第37話
翌朝早めに目を覚ますとレンは今日の授業の一式と本を持って大広間に降りていく。
食事をしていればハーマイオニー達3人も降りてきてはレンの側にいつも通りに座り挨拶を交わしたがレンはそれ以上話をしようとはしなかった。
梟便の時間になると、レンの元には2羽の梟がやってきてはレンは首を傾げる。
「有難う」とお礼を言い、1羽ずつ撫でれば梟は満足そうに空へと戻って行った。
1通はリーマスだった。
『手紙を有難う。取り敢えずは安心したが、安心も出来ない事が起こっている様だね。
私が名付け親という事でキミは辛い思いはしていないだろうね?
大丈夫だと信じてはいる。もし必要となれば、図書室へ行くと良い。奥の角。そこの本棚にレンの望む本があると思うよ。
あまり1人で頑張りすぎない様に、好きな本に囲まれて気持ちを落ち着かせておいで。』
それに首を傾げながらももう一通を開くと、差出人はファッジだった。
『親愛なるクレスメント。
ホグワーツでの生活はいかがなものかな?アンブリッジ女史のお陰で幾分か過ごしやすくなったに違いないと信じてやまない。

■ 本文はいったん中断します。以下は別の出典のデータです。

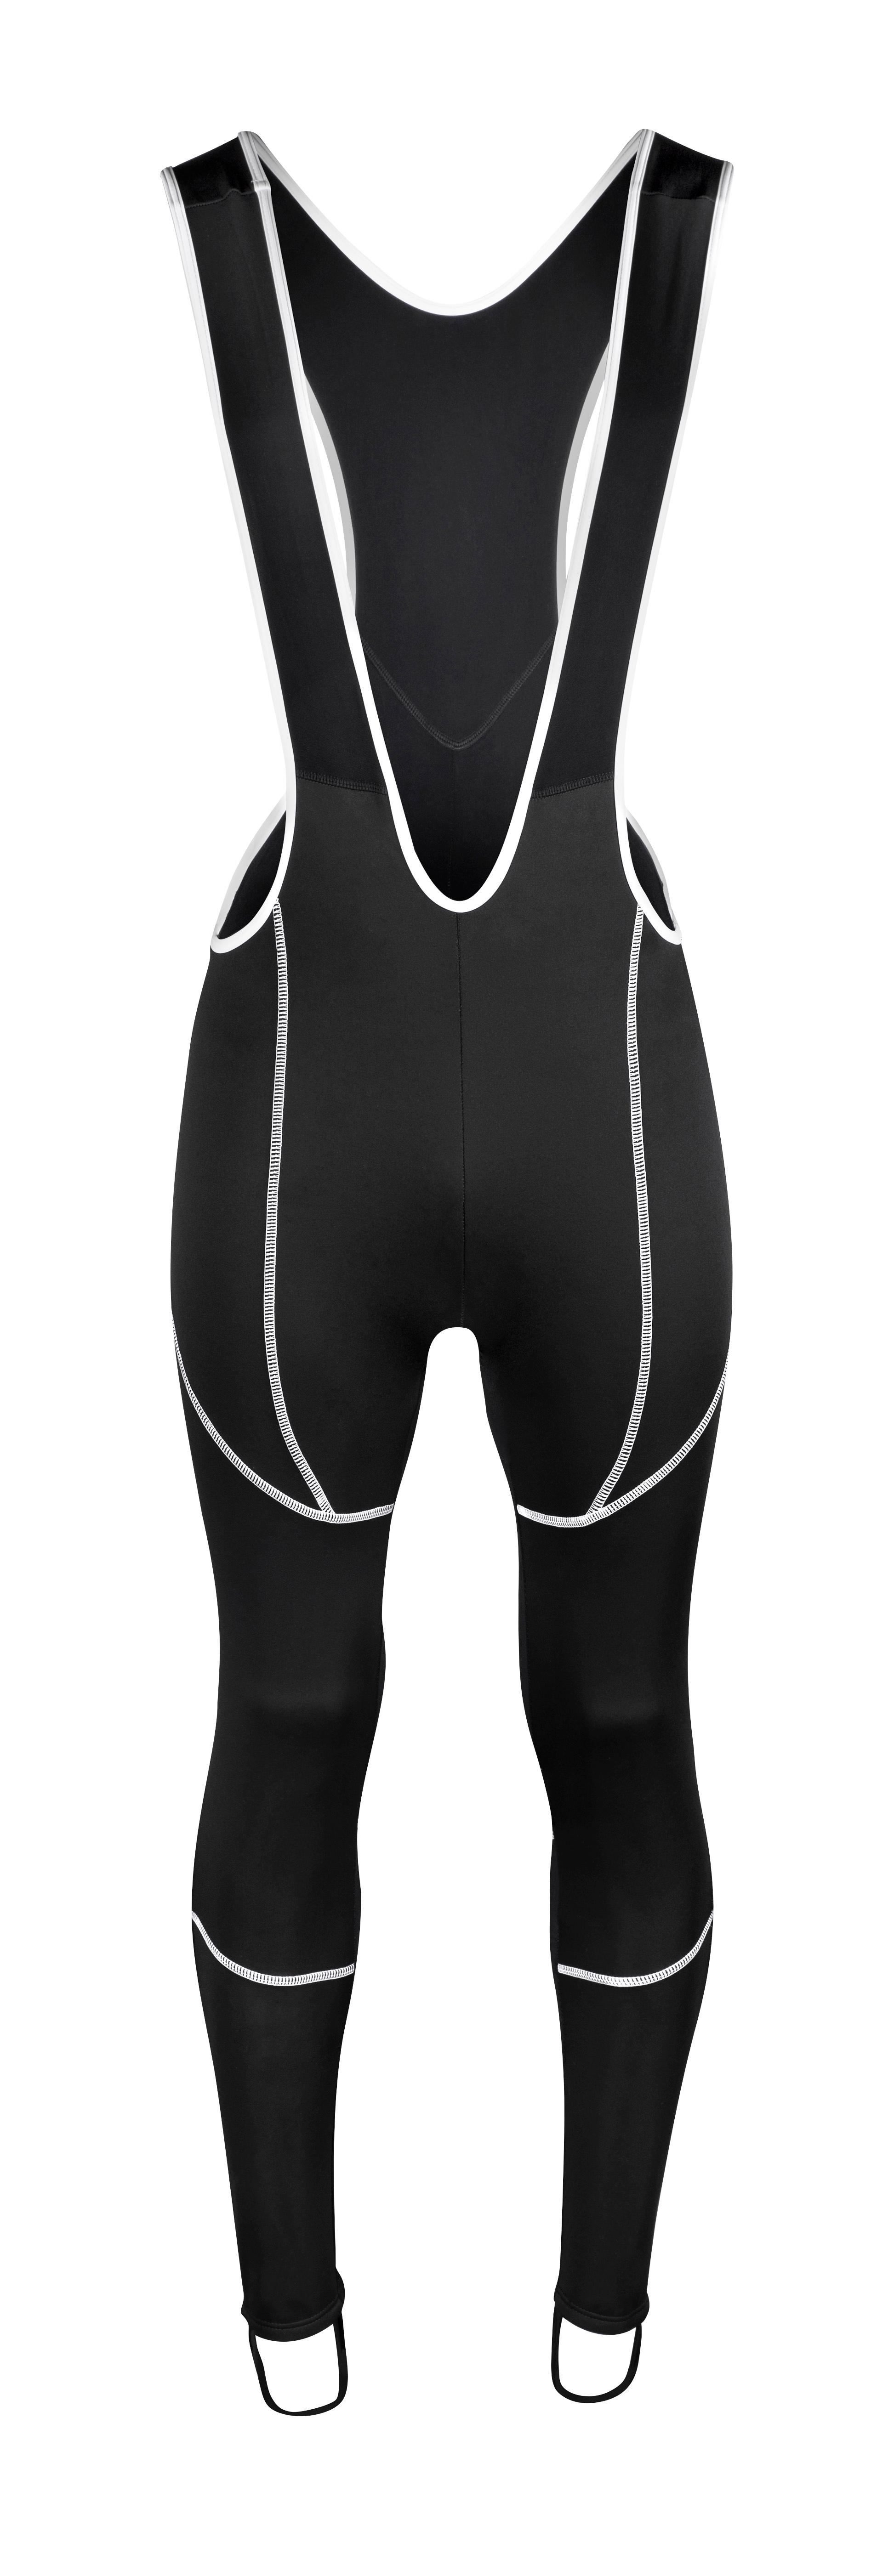 kalhoty FORCE Z70 SOFTSHELL se šráky bez vložky,črn XL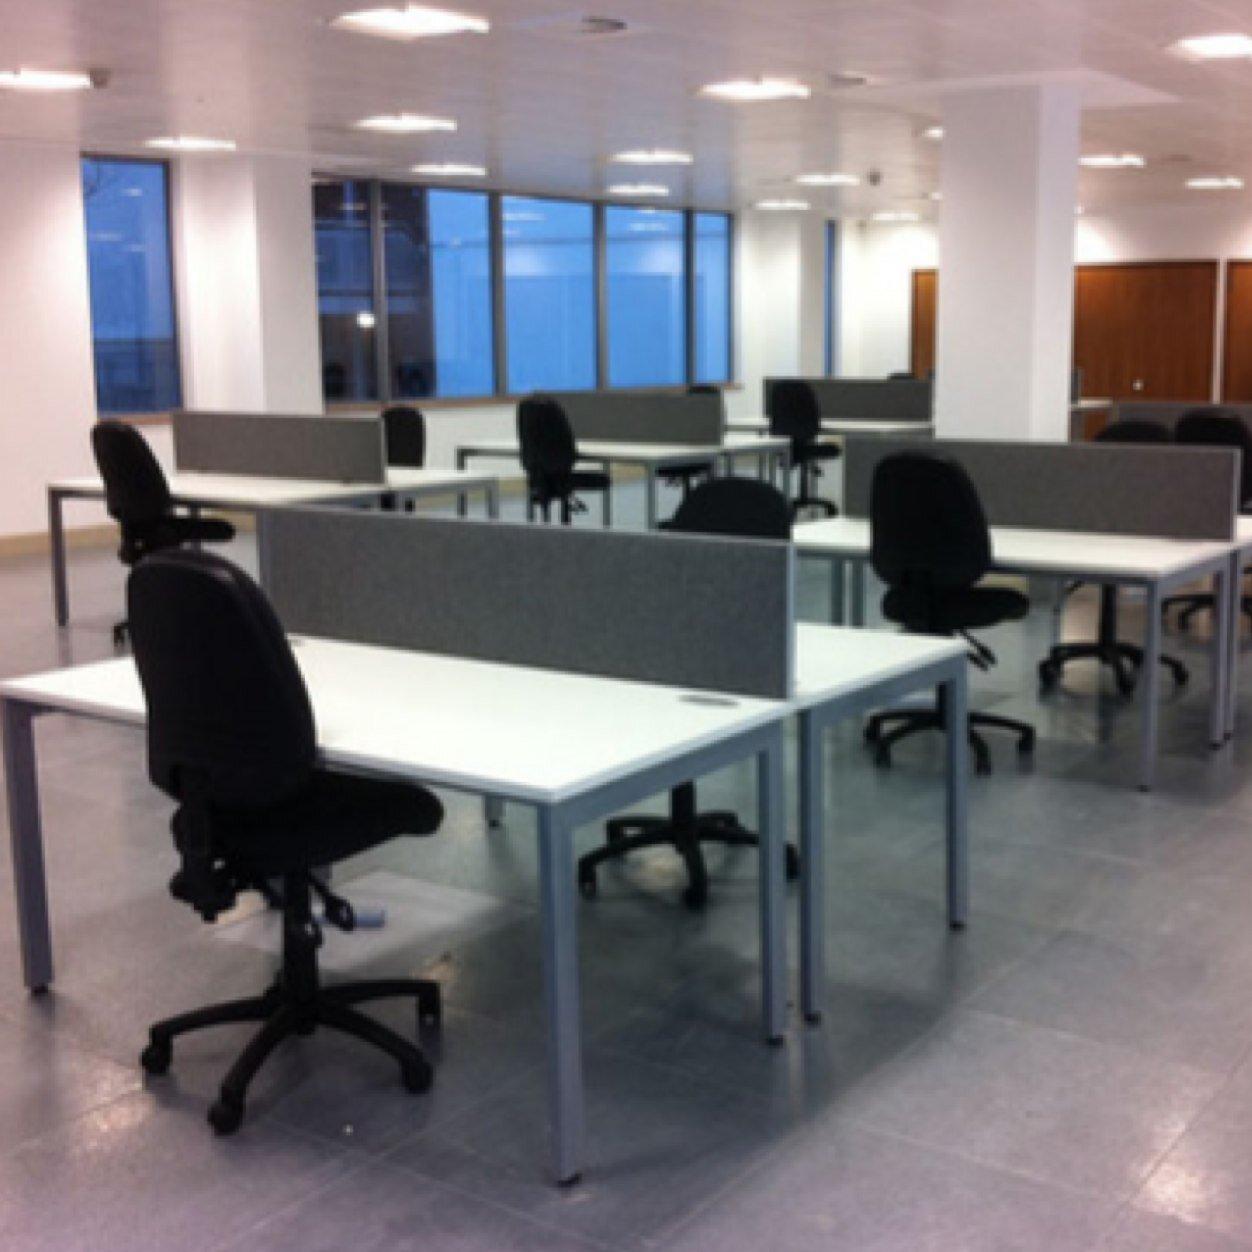 bristol furniture bristol office

だが、最近の彼女が犯した、ミス・クレスメントへの無礼な行為を私は詫びなければならない。
貴女に勘違いをさせ不快にさせる様な言動、そして傷も完治していない状態で、在ろう事に貴女が嘘を言っていると勘違いし罰則を課し、貴女のお身体に負担をかけてしまった事、本当に申し訳なかった。
彼女は魔法省から遣わされた身、私が犯した事と同じだろう。
だが私から貴女への想いが変わった訳でない事は信じていただきたい。
何かあればアンブリッジ女史を頼ってくれ。
彼女の言い付けを良く聞き、動いてくれる事、そして貴女がこれからも私の味方であると信じているよ。』
レンは深い溜息を吐くと席を立つが「ダメよ。此処にいて」とハーマイオニーがレンを制しレンは眉を顰める。
「帰ったりしないわ。図書室に行きたいだけよ。」
「判ってるわ。」
ハーマイオニーはそういうと「見て」とレンにも見せる様に日刊預言者新聞を広げて見せる。
アンブリッジの写真が一面に載っており、その写真破いていい?と聞けば、また「ダメ」と言われてしまう。
その様子にロンがニヤリと笑った気がした。